Segment Start: ENTRIES PROVIDED
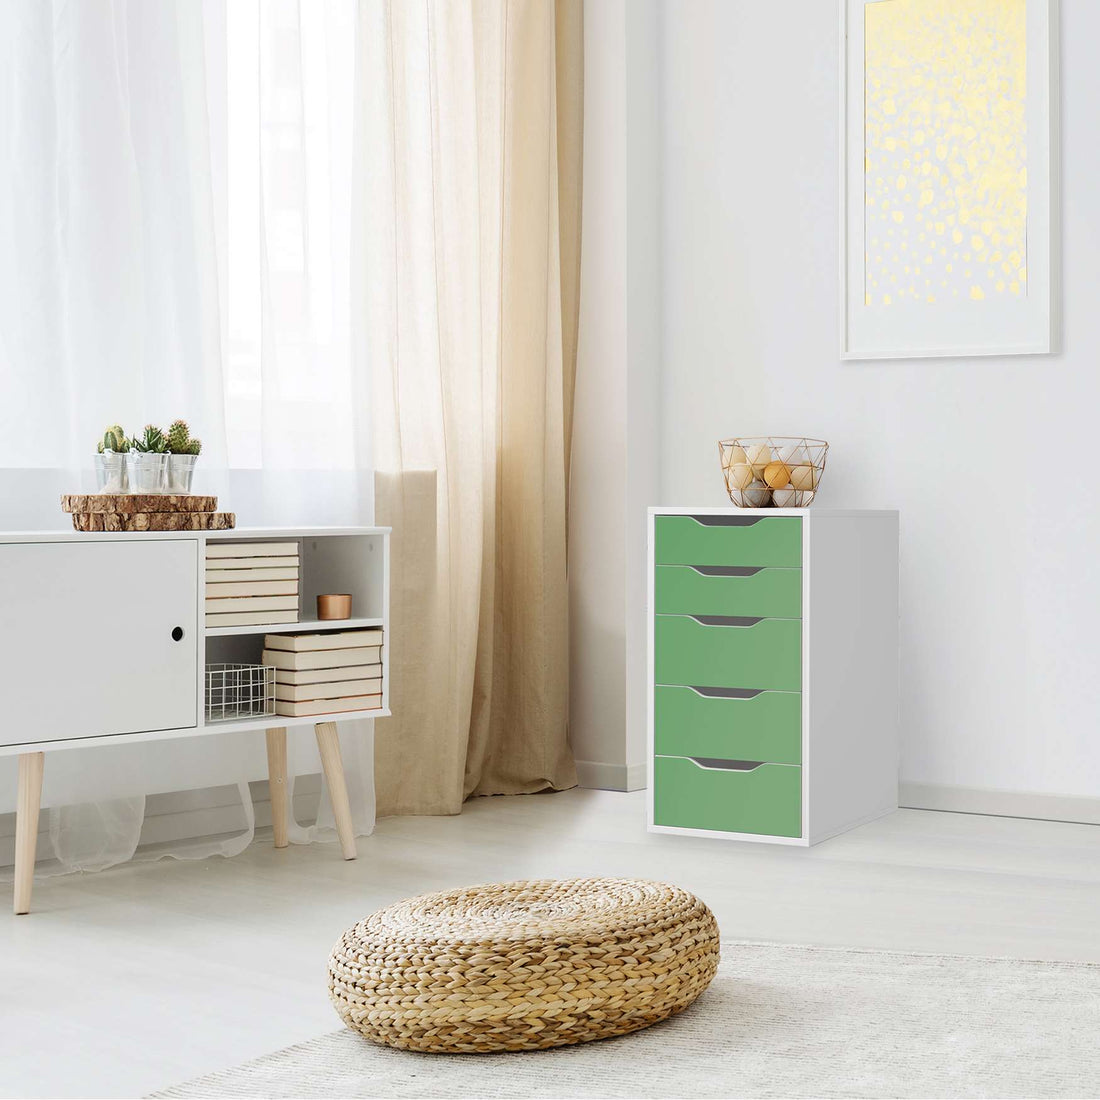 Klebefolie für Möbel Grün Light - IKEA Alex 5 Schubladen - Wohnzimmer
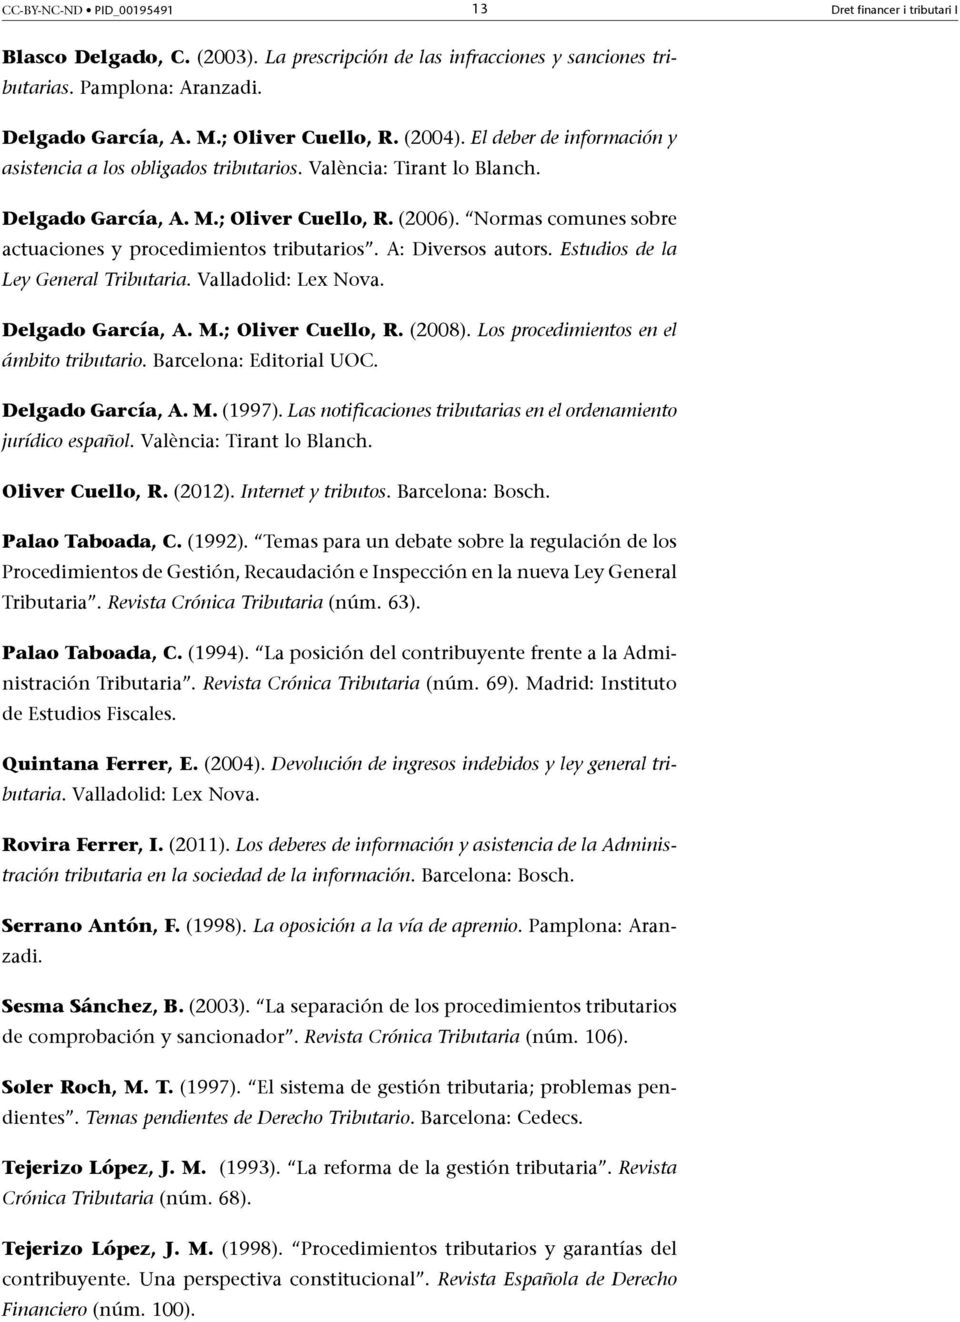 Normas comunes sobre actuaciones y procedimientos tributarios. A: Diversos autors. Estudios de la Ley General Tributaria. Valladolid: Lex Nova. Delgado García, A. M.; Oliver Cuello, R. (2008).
Segment End: ENTRIES PROVIDED
Segment Start: ENTRIES PROVIDED
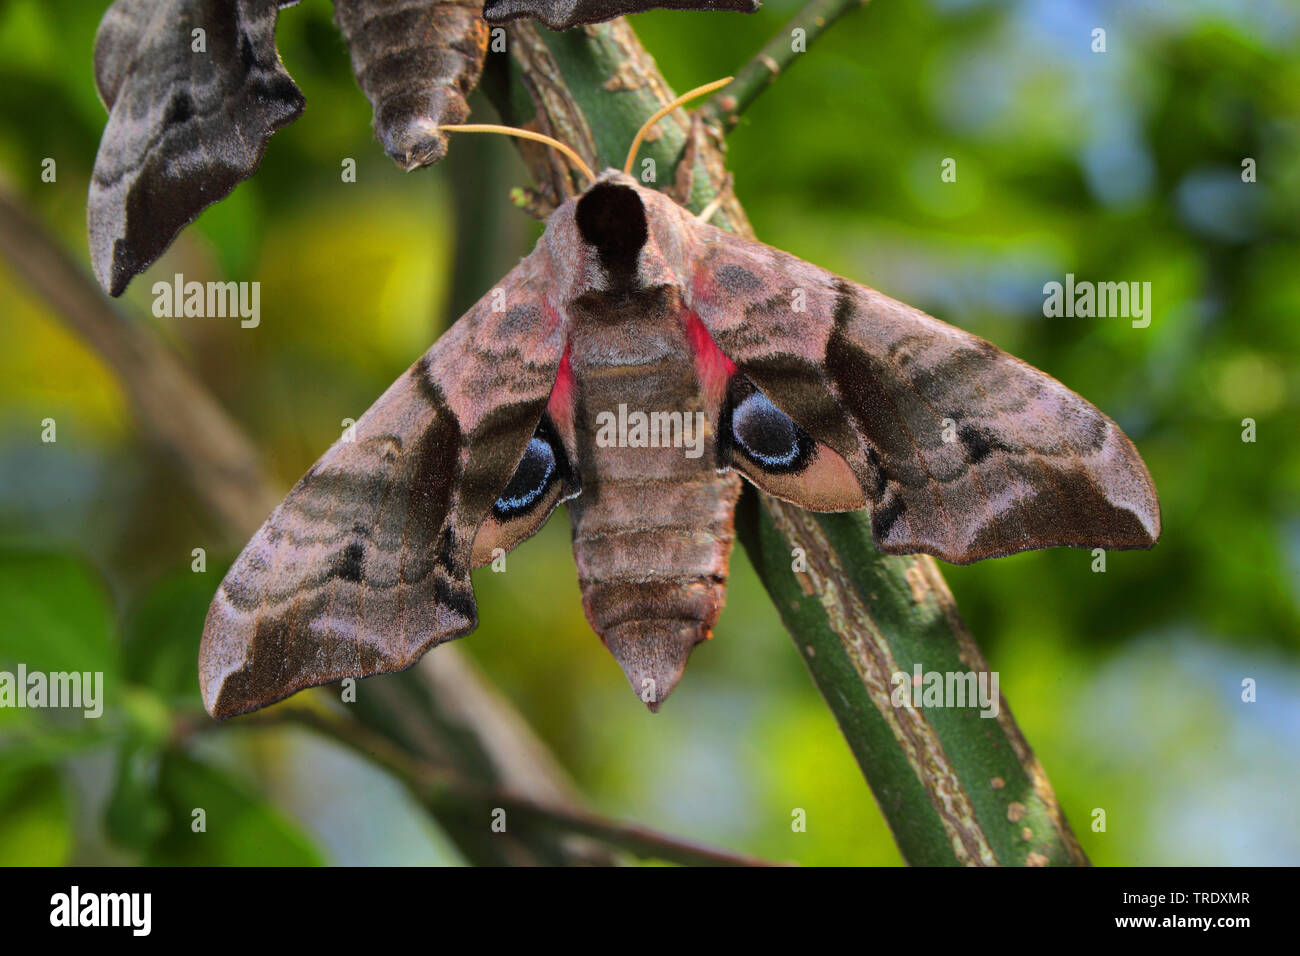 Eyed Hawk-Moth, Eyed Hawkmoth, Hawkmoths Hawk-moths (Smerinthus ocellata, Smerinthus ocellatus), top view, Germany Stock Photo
Segment End: ENTRIES PROVIDED
_WHAT TO PRODUCE_
Would you write out exactly the lines above, starting at the line containing "Klebefolie für Möbel" and stopping after the line containing "Normas comunes sobre"? Omit the pictures.

_ANSWER SECTION_
 Klebefolie für Möbel Grün Light - IKEA Alex 5 Schubladen - Wohnzimmer
 Normas comunes sobre actuaciones y procedimientos tributarios. A: Diversos autors. Estudios de la Ley General Tributaria. Valladolid: Lex Nova. Delgado García, A. M.; Oliver Cuello, R. (2008).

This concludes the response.